Monday, May 28, 2018

Remember a Day


Today is Memorial Day. I usually find out every year at the same time that this isn’t Labor Day, and the same thing happens on Labor Day when I’m told it isn’t Memorial Day. I don’t know too many people who have served our country with a weapon, but hey, thanks if you did. I hope you accomplished something.

Me, I served my employer today for the first busy morning/afternoon of the season (that I’ve worked.) I could have used a gun. I’m only kidding, I promise. I would never kill people for ordering food, even in heavy volume. I actually rather enjoyed the busy rush, and it was a good time to iron out all of the potential wrinkles on the line before this level of business becomes the standard.

Here in Minnesota, temperatures soared into the high 90s, and even touched 100 in spots. I am fortunate to work in one of the very few kitchens in existence with functional air conditioning. Even though I work next to equipment on my part of the line that reaches temperatures around 350°, I am able to utilize my skillset without dripping sweat or fearing heat exhaustion.

I recall a time about a year before I went to prison when I worked the outdoor grill station at a restaurant down in southeast Minnesota. I was positioned next to two gas grills that temped out at about 600° and I was exposed to the humid, stagnant, mosquito-infested air that floated up from the slow moving Root River. I was constantly high on meth back then, and my uniform included a heavy black chef’s coat that was unforgiving at best. Sweat poured steadily from my shaky brow as I danced and twirled about wasting nearly every move in a confusing tornado of spatulas, tongs, and overcooked meat.  By the end of that summer I had wasted away and was unable to see properly because I had lost all of my contact lenses and had no glasses. I was useless as a cook and questionable as a person. They only kept me on because they needed bodies. Bodies are an important, if not occasionally useless implement in every professional kitchen. If I were in that condition now in this current employ, I would be banished to some redundant location.

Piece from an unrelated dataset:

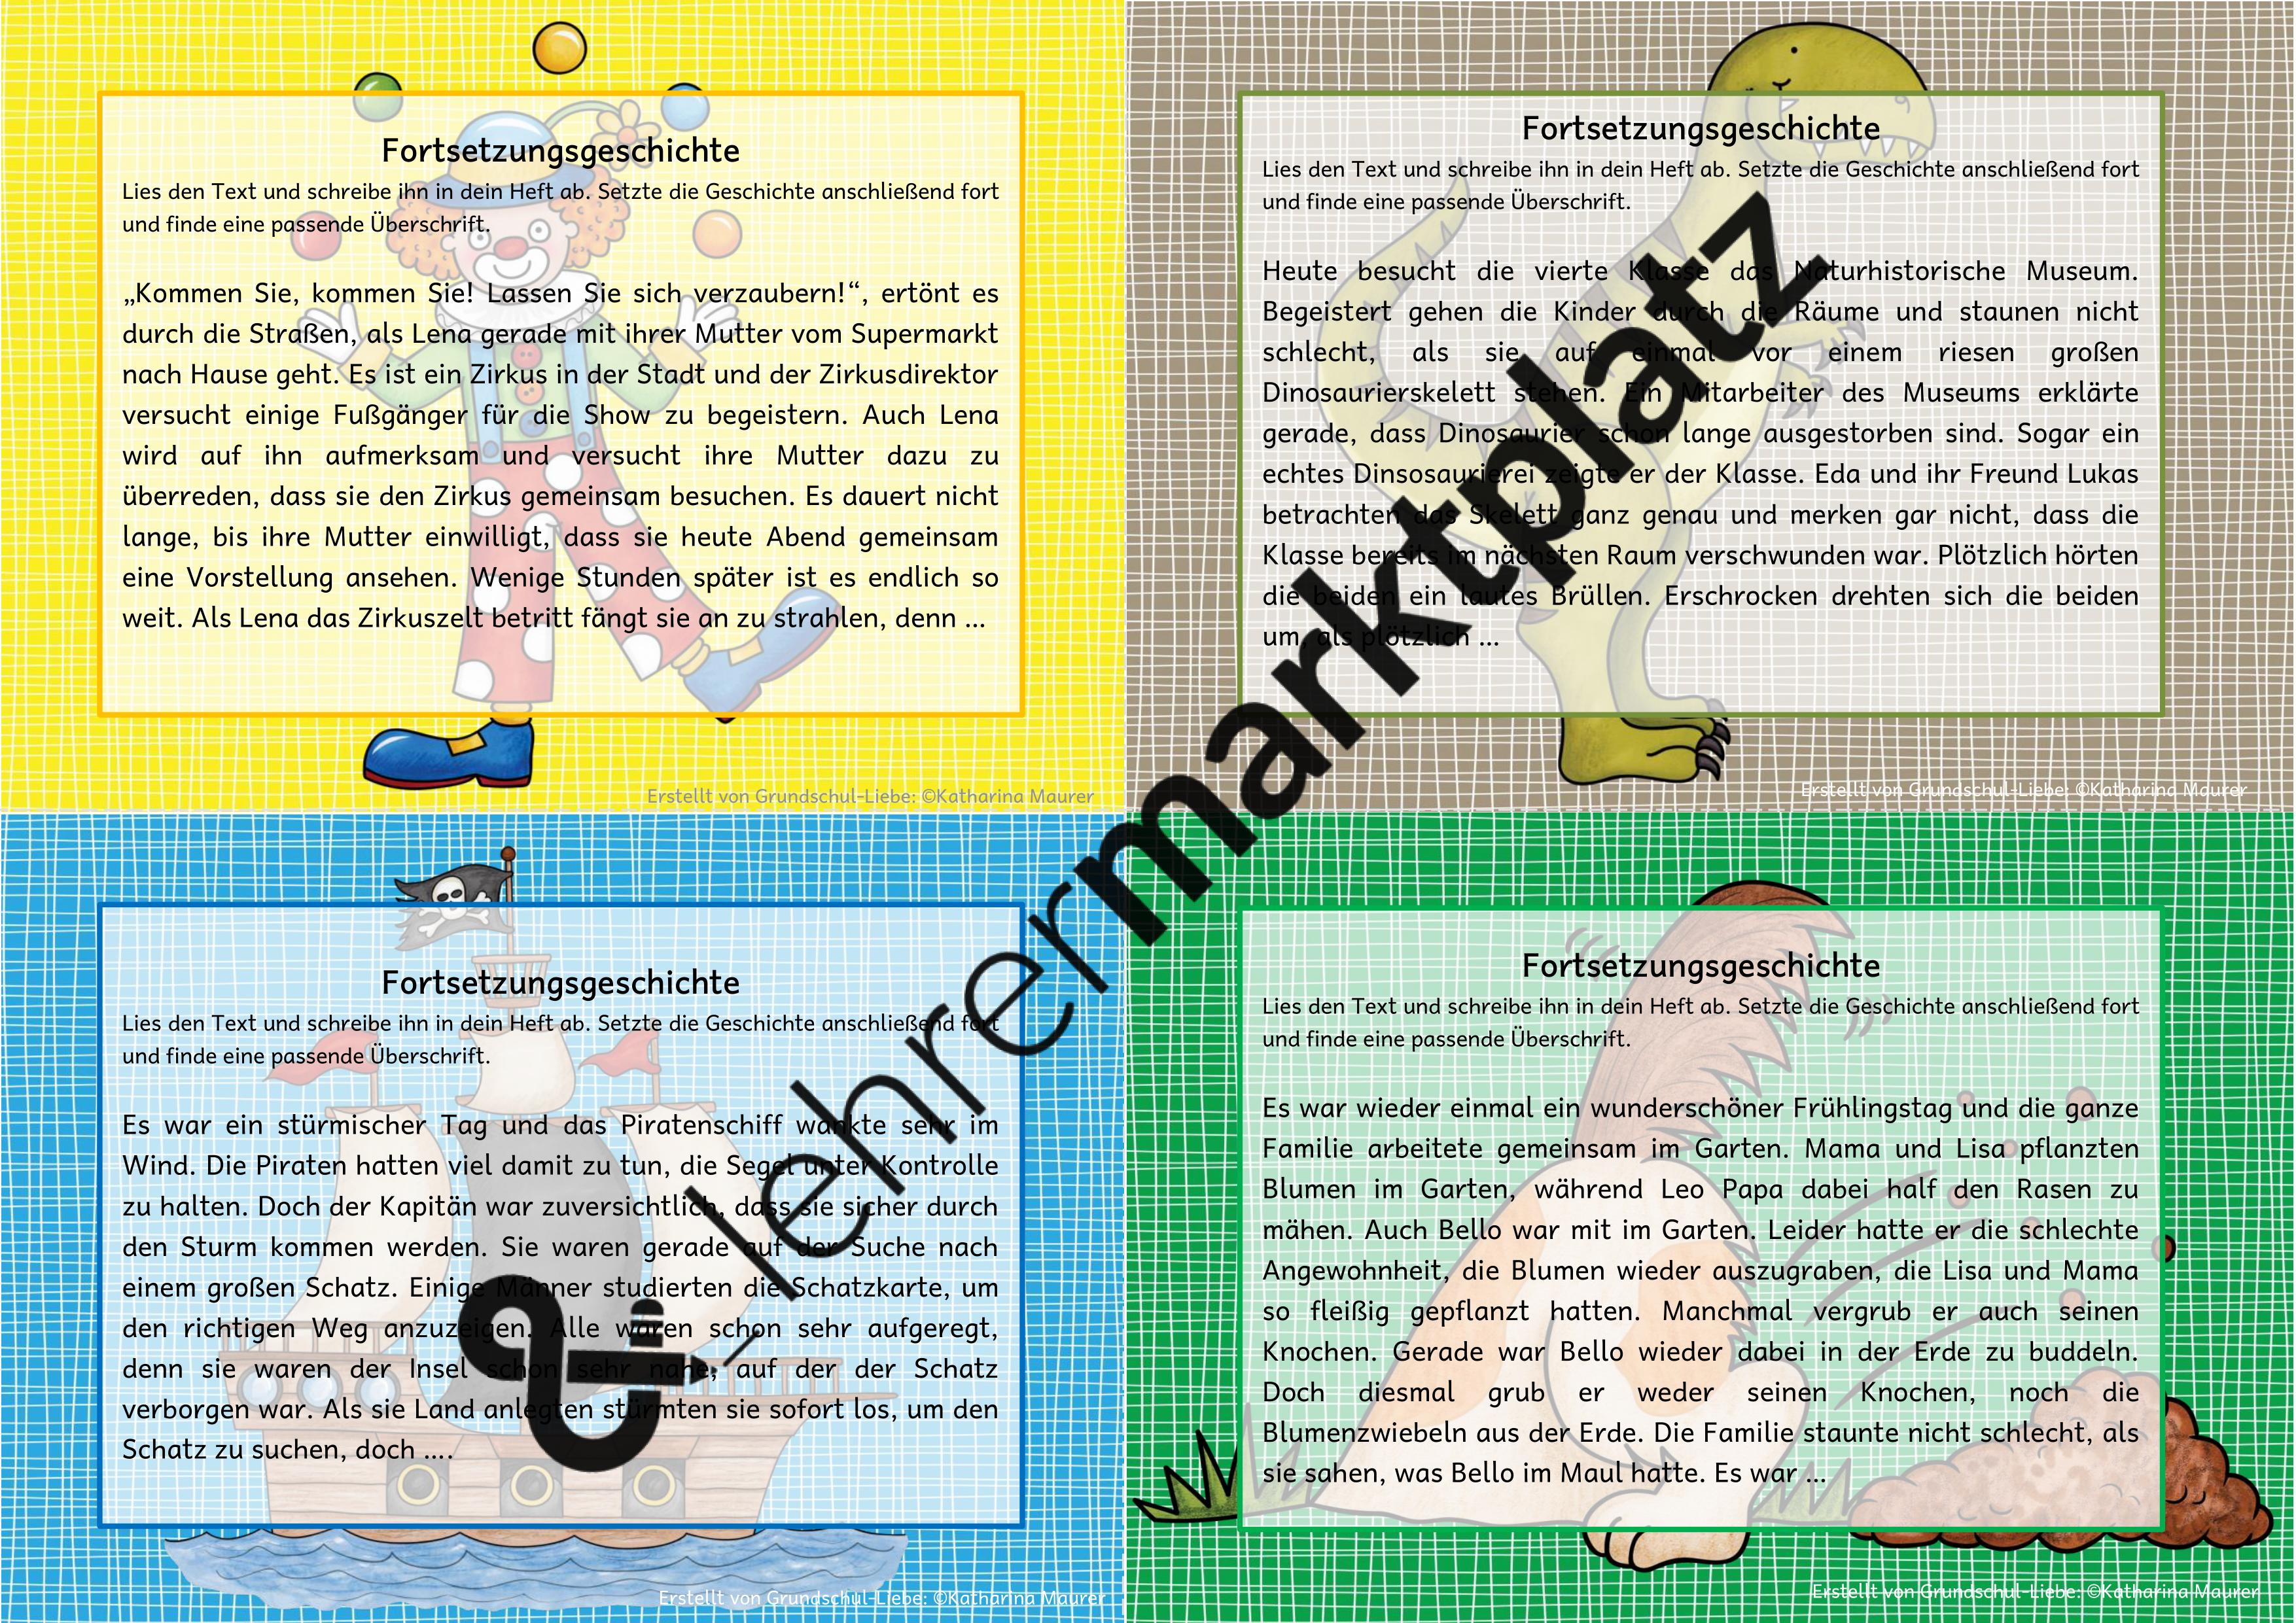 Fortsetzungsgeschichten Kartei 8 Geschichtenanfange Zum Texte Verfassen Unterrichtsmaterial Im Fach Deutsch In 2020 Kinder Lesen Unterrichtsmaterial Kartei
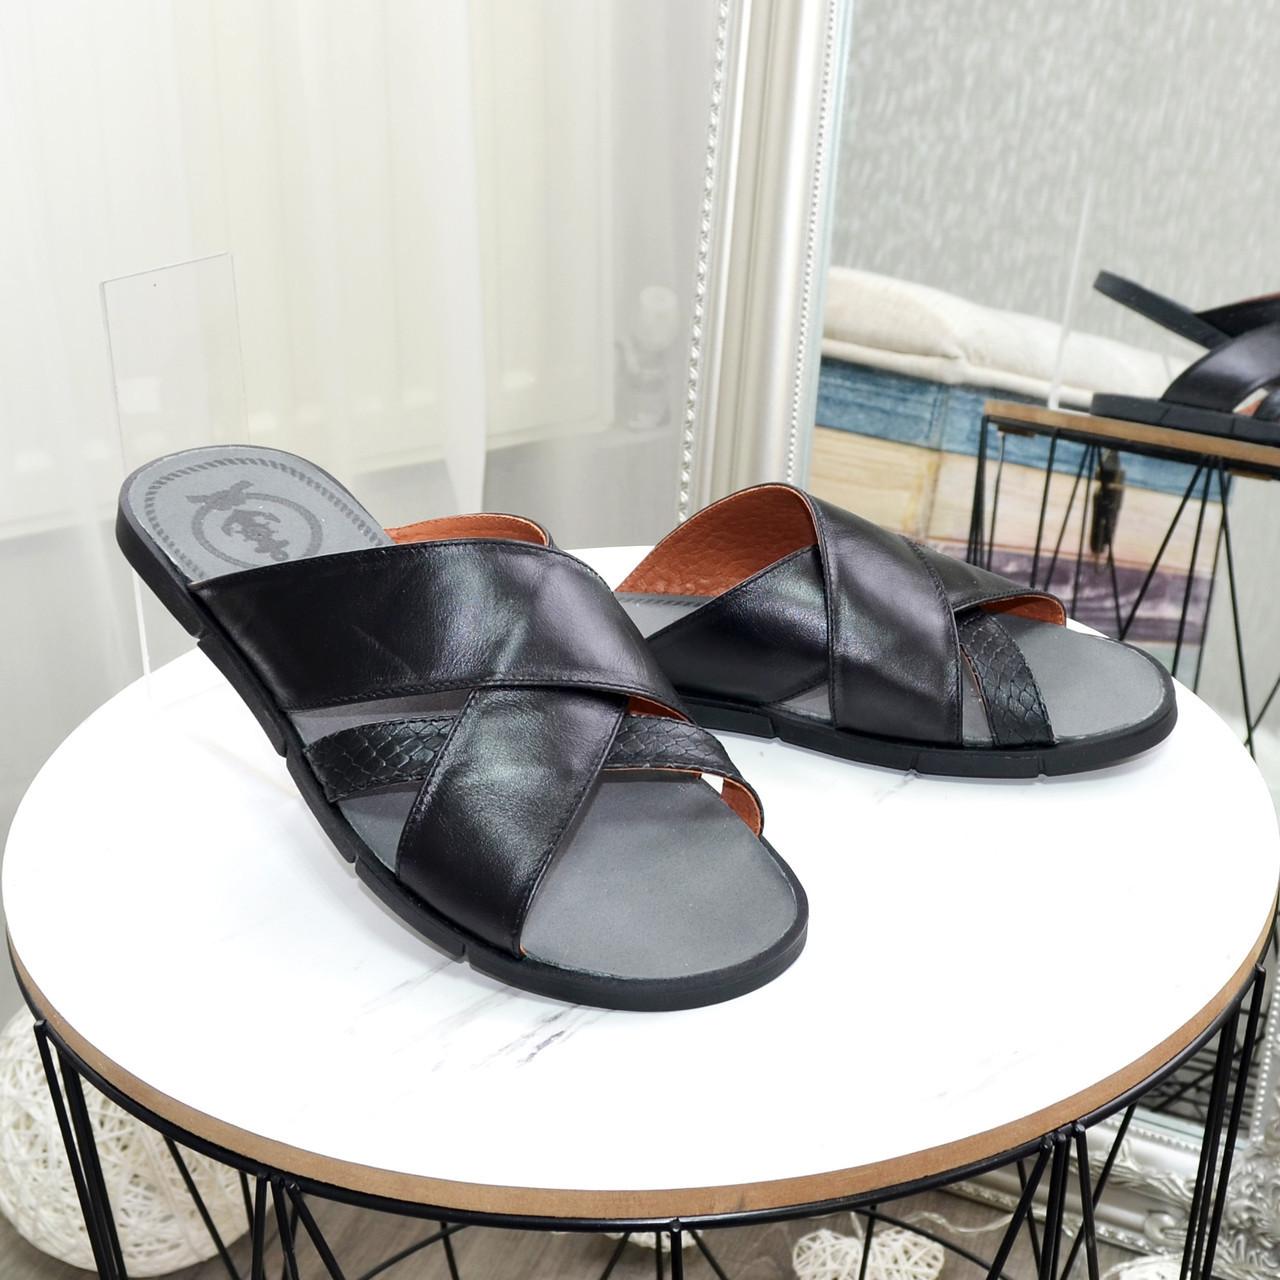 Шлепанцы мужские кожаные, цвет черный

But I am not. This summer, like my coworkers, I will get kicked down all day long and keep going back for more because we are the few that are capable. Unless you already do this for a living, you shouldn’t try to get into this industry. You probably can’t do this.

I’m not trying to brag, I probably can’t do whatever it is that you do. I definitely don’t want to be a soldier, or a garbage man, or a person that has to suck out the contents of a port-o-potty.

Transition.

I have many jobs as a property proprietor. Amanda and I have already explored several new professions in our short time as homeowners, none of which do I think I would want to do full time. Today we did something for the first time that we will surely do time, and time again: we paid our first mortgage payment; one down, 359 to go. We added a little on to the payment for the principle which we will try to do on a consistent basis to eliminate a few years’ worth of payments at the end.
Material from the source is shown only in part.